Вечером, бывало, собирали тростник и разжигали костер, прикатывали из бухточек с большущими охапками, кидали их с разлету прямо в огонь. Пламя взмывало высоко в небо, разбрасывая искры. Лед подтаивал, трещал от тепла и оттого, что они стояли такой тесной гурьбой. Лед поддавался. И гулко стонал в темноте.
Красные, голодные, заявлялись они домой, долго сушились у печек. Их кормили разогретыми остатками давно миновавших обеда и ужина.
Чудесная жизнь. Бесспорно, чудесная. А у него? Но разве не катается он вместе со всеми?
Да, странно, какое-то раздвоение. Две совершенно разные жизни, будто и не связанные между собой. Он мог совершенно забыться, развеяться, веселиться напропалую... И потом вдруг спохватывался...
И все-таки как радостно жить. Как увлекательно. Особенно увлекательно, когда тебе так мало осталось.
Да и что у него за болезнь такая? Когда он о ней не думал, она его совершенно не мучила. Ладно, не стоит тужить, будь что будет...

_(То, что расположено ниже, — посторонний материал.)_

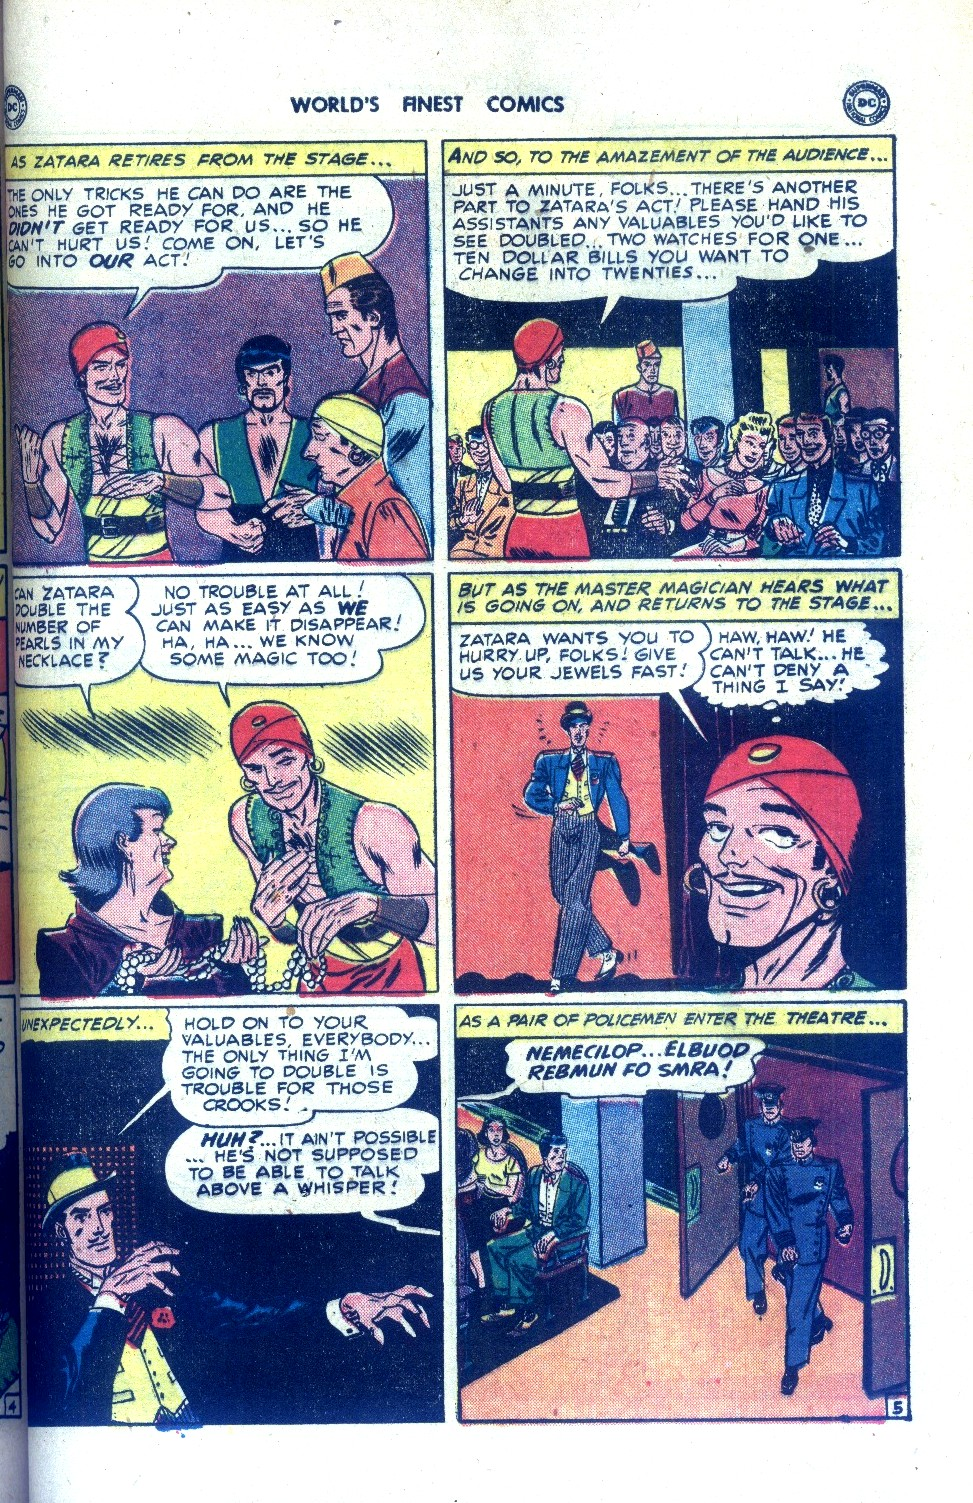 Read online World's Finest Comics comic -  Issue #43 - 55

Не переводились у него и приятели, друзья. Одного звали Юнас, он был из деревни. Зимой они решали важные проблемы, а летом вместе ловили щук. У Юнаса была деревянная рука, в детстве ему оттяпало правую руку молотилкой. Но он был ловчей всех, и своей одной рукой выделывал такое, что другому и двумя не под силу. Особенно силен он был по части щук, и ловил их во множестве, когда Андерс жил летом у него в деревушке неподалеку от города. Тут тоже хватает озерков, и особенно хорошо одно, с низкими росистыми берегами, где можно подстеречь щук, когда они спят на солнышке. Разуться надо еще на лесной опушке, далеко от берега, и идти тихо-тихо, и чем ближе к воде, тем это трудней. Юнас всегда шел первым, и ему по справедливости доставалась главная работа. Вот у Андерса под ногой вдруг чавкала мокрая земля, Юнас грозил ему своей единственной рукой, и Андерс замирал. Чего только не вытворял Юнас! Крался чуть не ползком, приседал на корточки, издалека примечал щук, дремавших под листьями кувшинок. Подцеплял с головы специальным сачком - и готово дело. Скоро их набиралось полное ведро. А краем глаза он еще следил, не подсматривают ли с берега завистники да не притаилась ли в тростниках лодка. Юнас держал в страхе незадачливых местных рыболовов.
Но из всего этого вовсе не следует, что дома у него всегда ели досыта рыбы. Он почти всю ее раздавал по дороге. Иногда он домой вообще ничего не приносил, и мать ворчала, когда они, переминаясь с ноги на ногу, останавливались у крыльца, а потом выставляла им кофе и хлеб.
Деревня, где они жили, была на редкость унылое место, так, по крайней мере, казалось Андерсу, но, может быть, оттого, что он был нездешний. Дома все почти некрашеные, запущенные, окна большей частью без занавесок. Да и вокруг домов царило запустенье, возле каждого - голый холмик колодца, а сада нет, лишь одинокая яблоня. Может быть, оттого так пусто и неприветливо зияли просветы между домами, хоть стояли дома довольно тесно. Казалось, будто в гости друг к другу тут никогда не ходят, да и вовсе друг с другом не знаются. Однако Юнас всех знал и весело со всеми здоровался - с девушками, которые поднимали воротом воду, с парнями, которые возили сено или навоз. И они привычно пожимали ему руку, разумеется, левую.
Вокруг деревни стояли леса. И Юнас ходил на охоту и был первым и тут. Быстро вскидывал ружье и стрелял почти не целясь. Стрелял уток, зайцев, вальдшнепов, всякую всячину. А осенью - глухарей, хоть отстрел их запрещался, но здесь не очень считались с этим запретом. Чего только не умел Юнас!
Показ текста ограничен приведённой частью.